*** Begin section ***
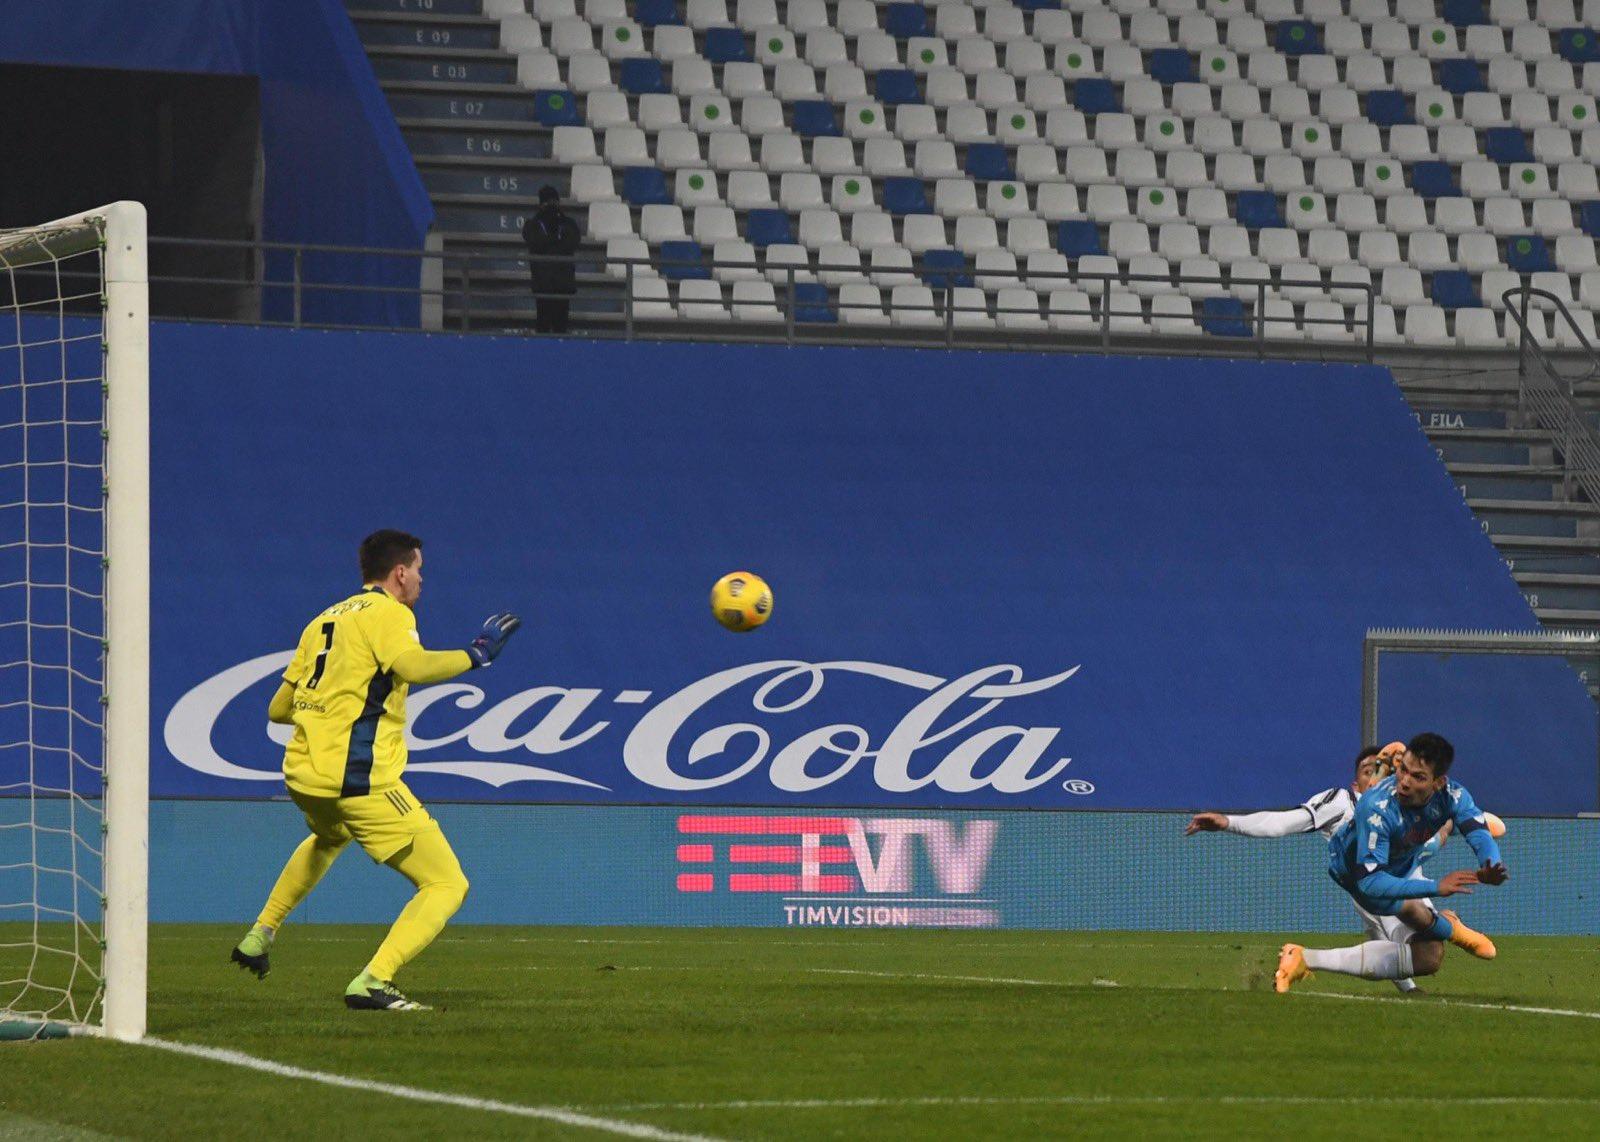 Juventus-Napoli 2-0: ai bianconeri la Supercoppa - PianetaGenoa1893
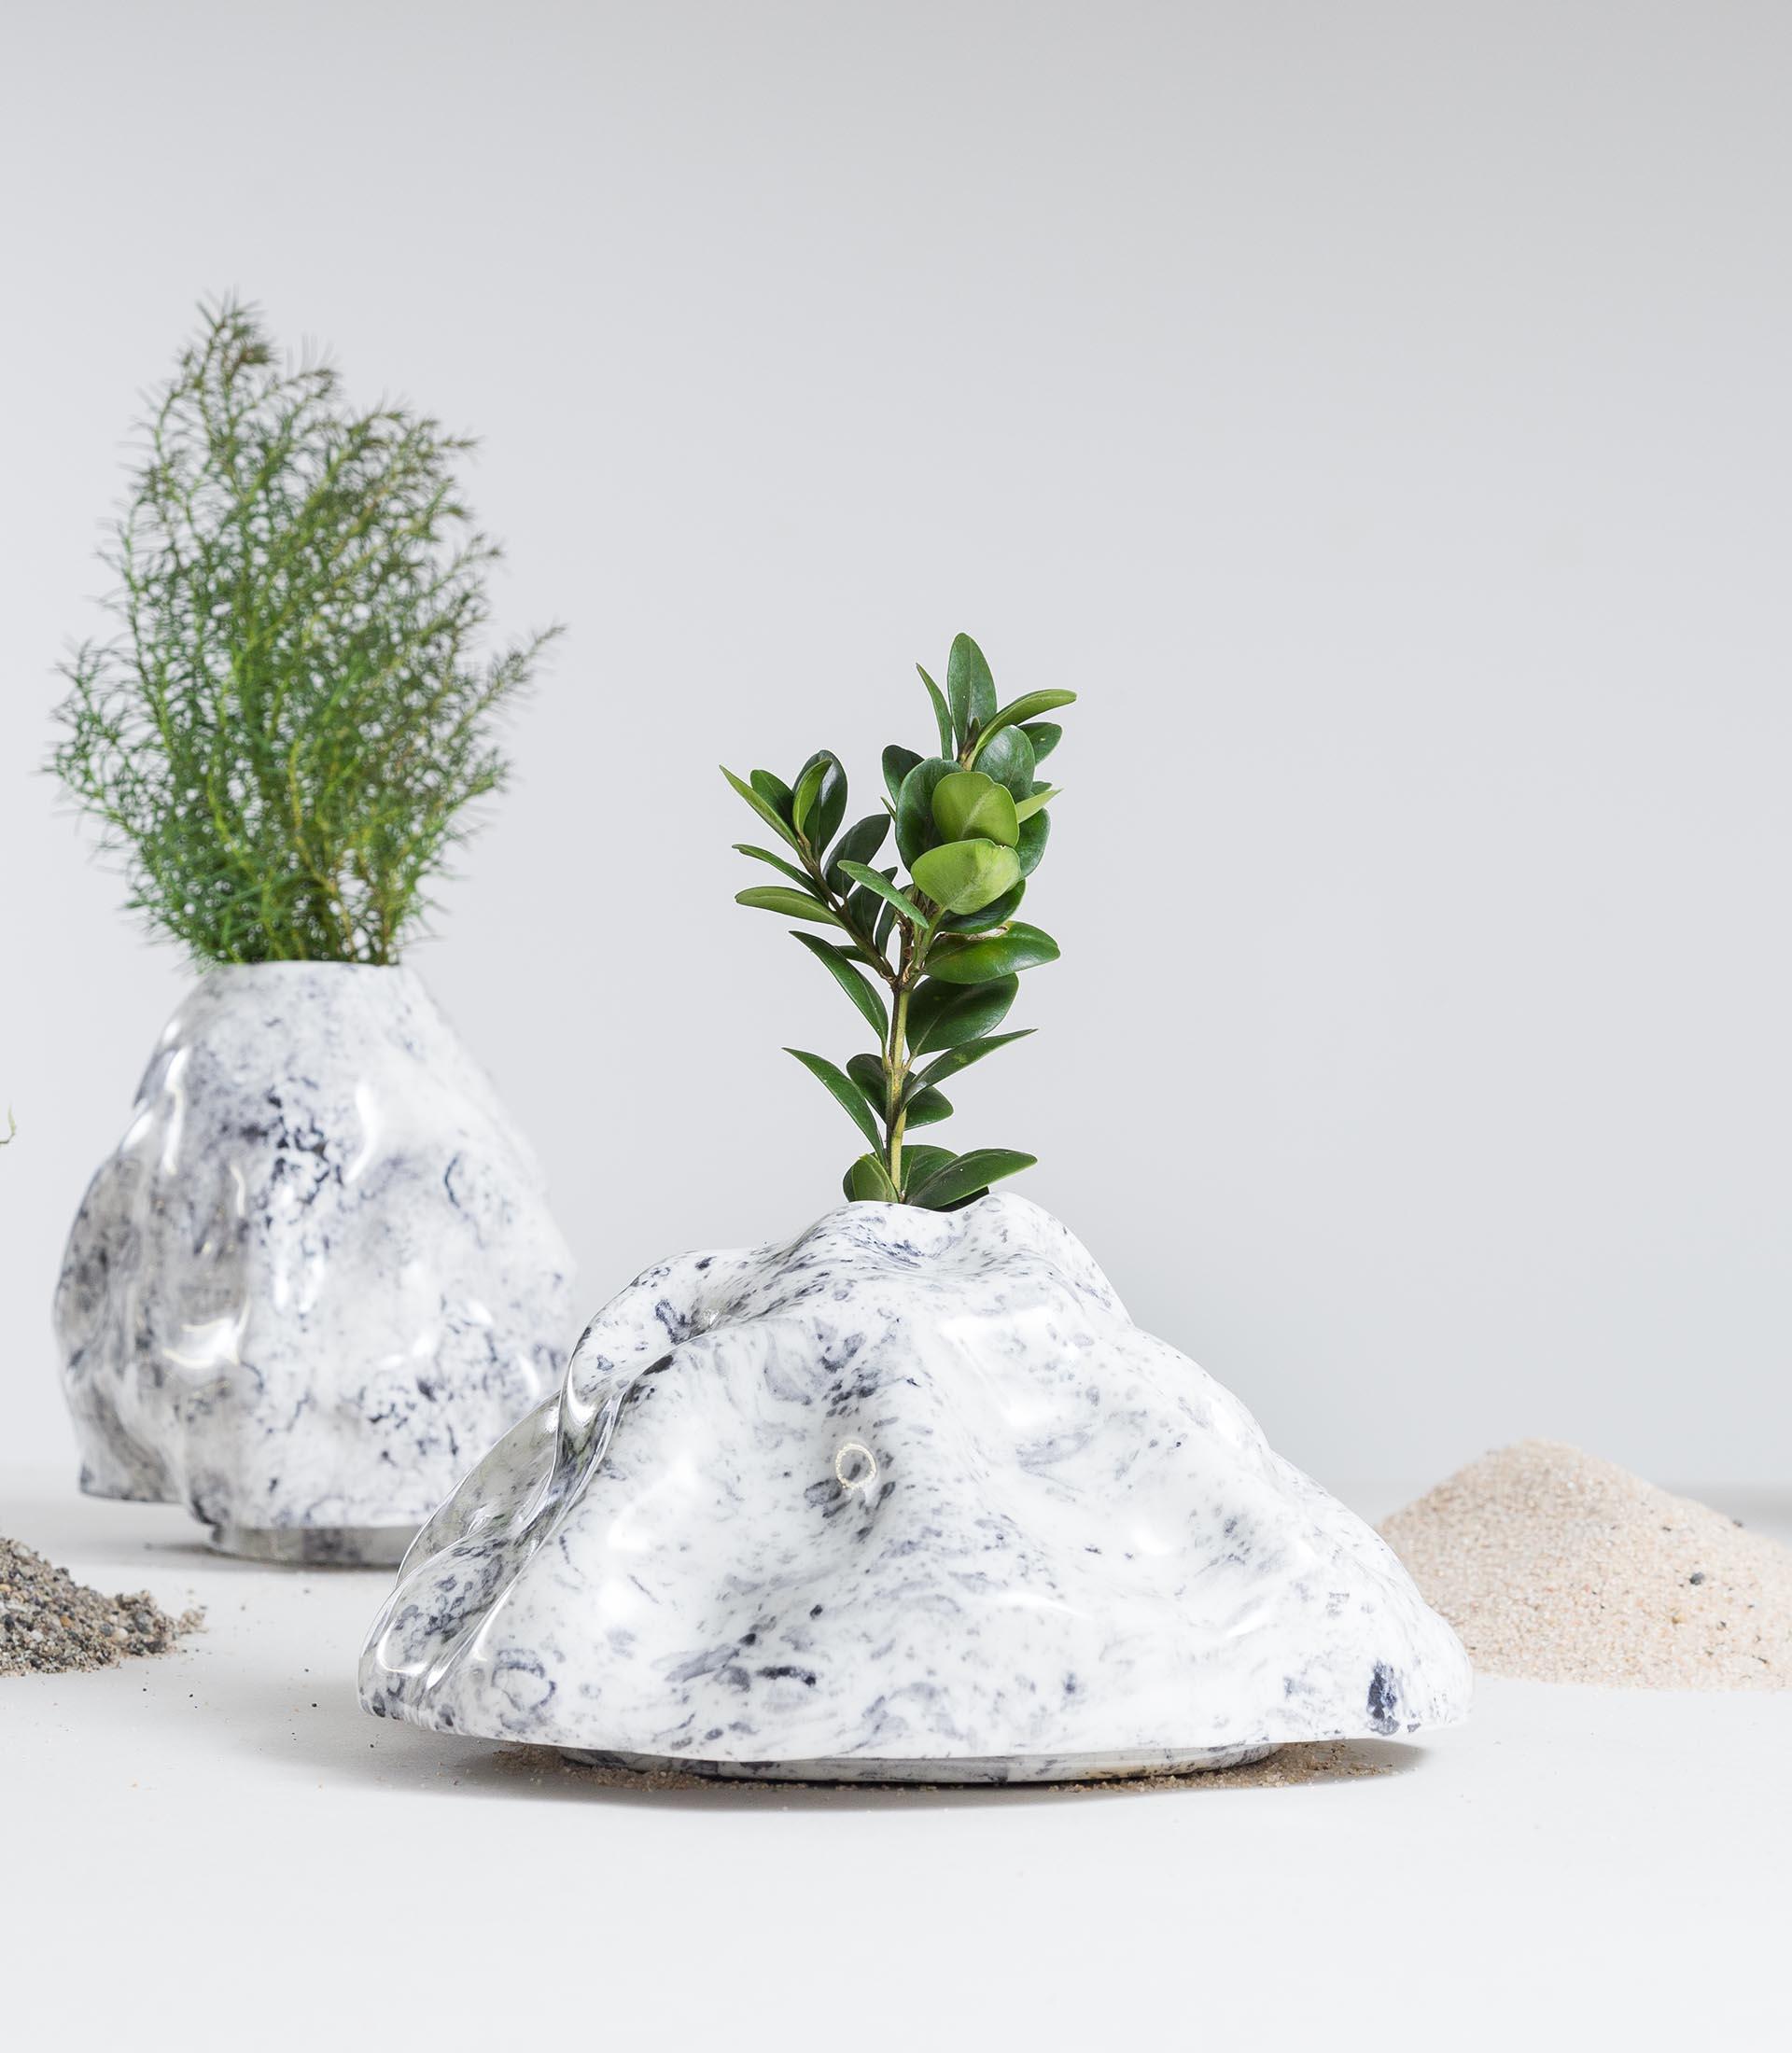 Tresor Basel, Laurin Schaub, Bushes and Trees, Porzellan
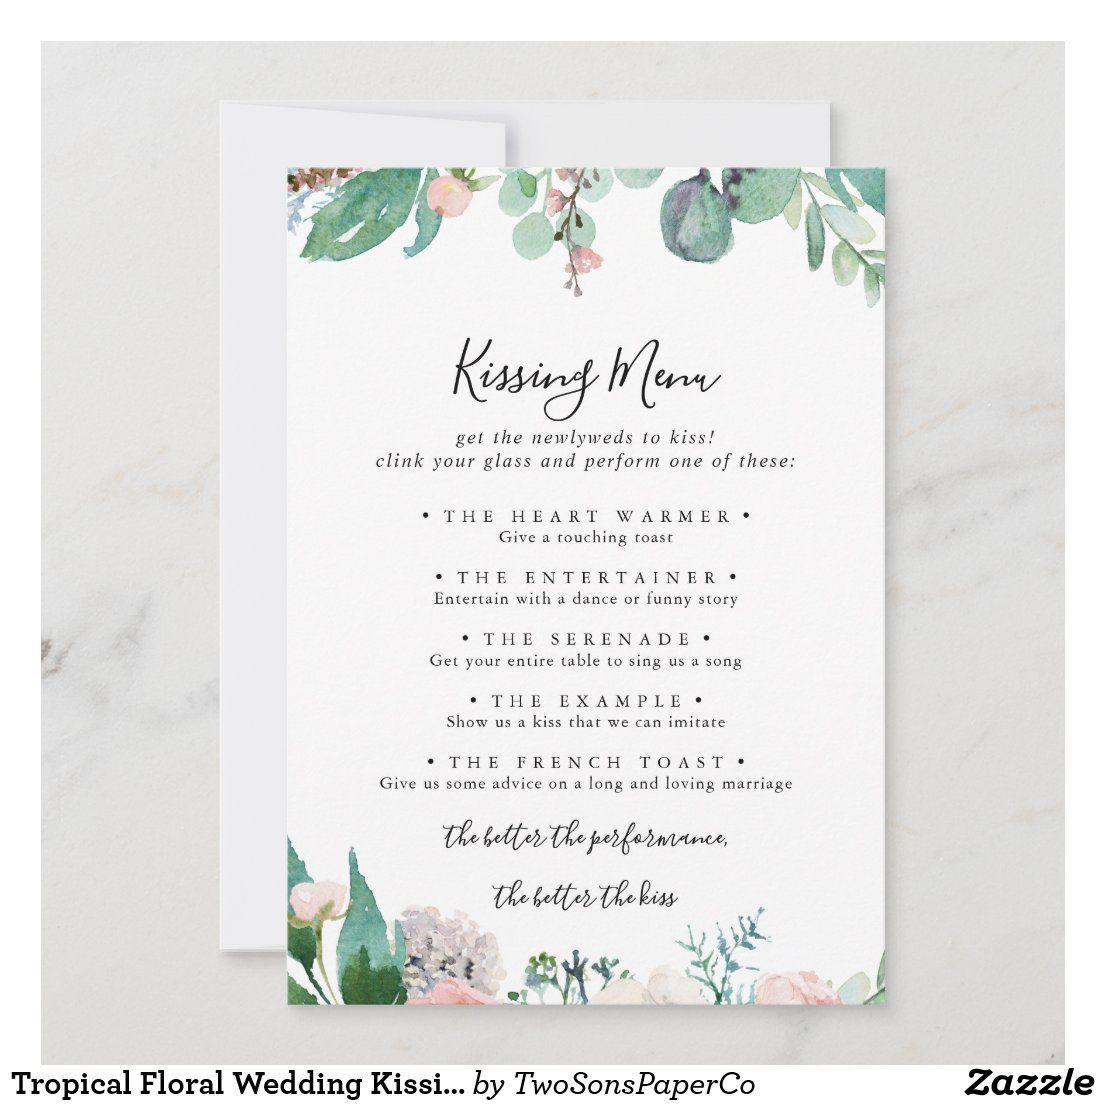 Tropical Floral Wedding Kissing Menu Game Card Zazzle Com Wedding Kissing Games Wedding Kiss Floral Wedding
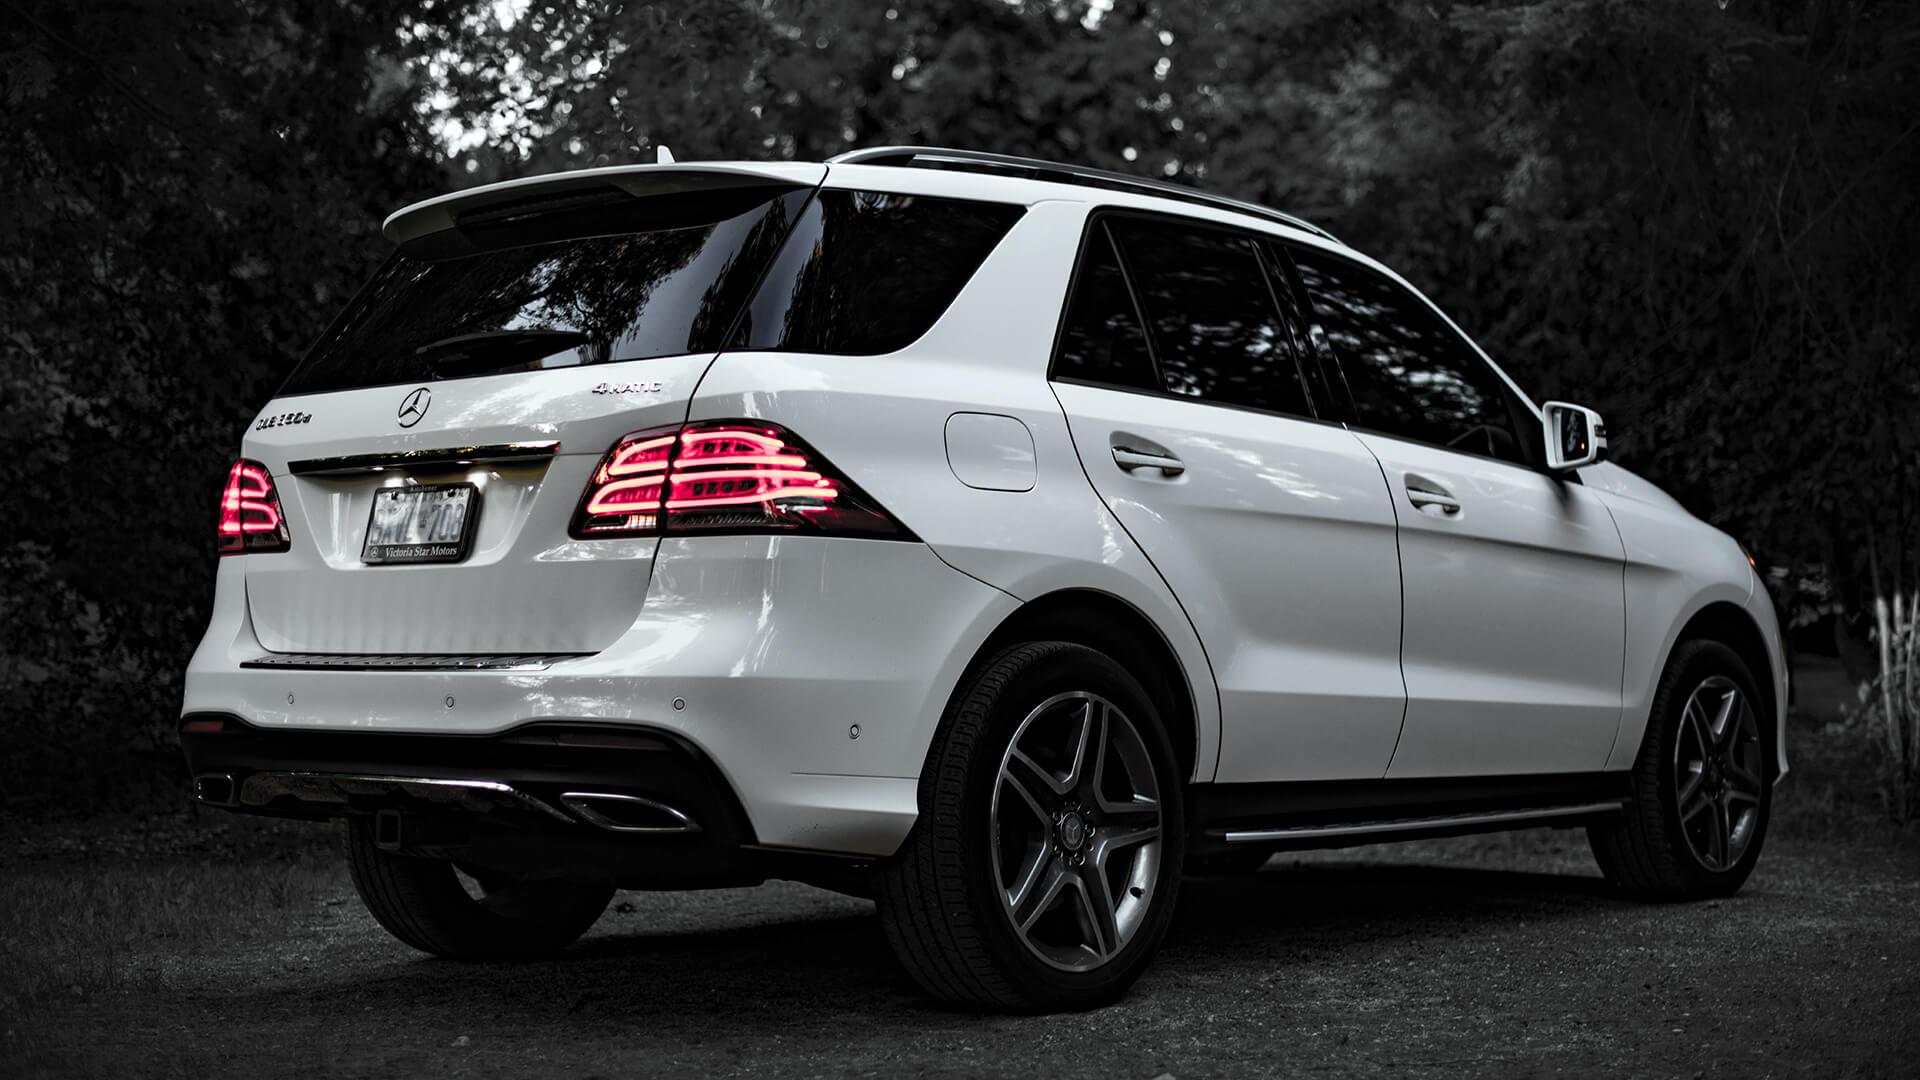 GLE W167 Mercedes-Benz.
*** End section ***
* **What the task asks**:
Each line from the one containing "Tropical Floral Wedding" to the final line of the data must be printed exactly, both included, with nothing else and no pictures.

* **Task solution**:
 Tropical Floral Wedding Kissing Menu Game Card Zazzle Com Wedding Kissing Games Wedding Kiss Floral Wedding
 GLE W167 Mercedes-Benz.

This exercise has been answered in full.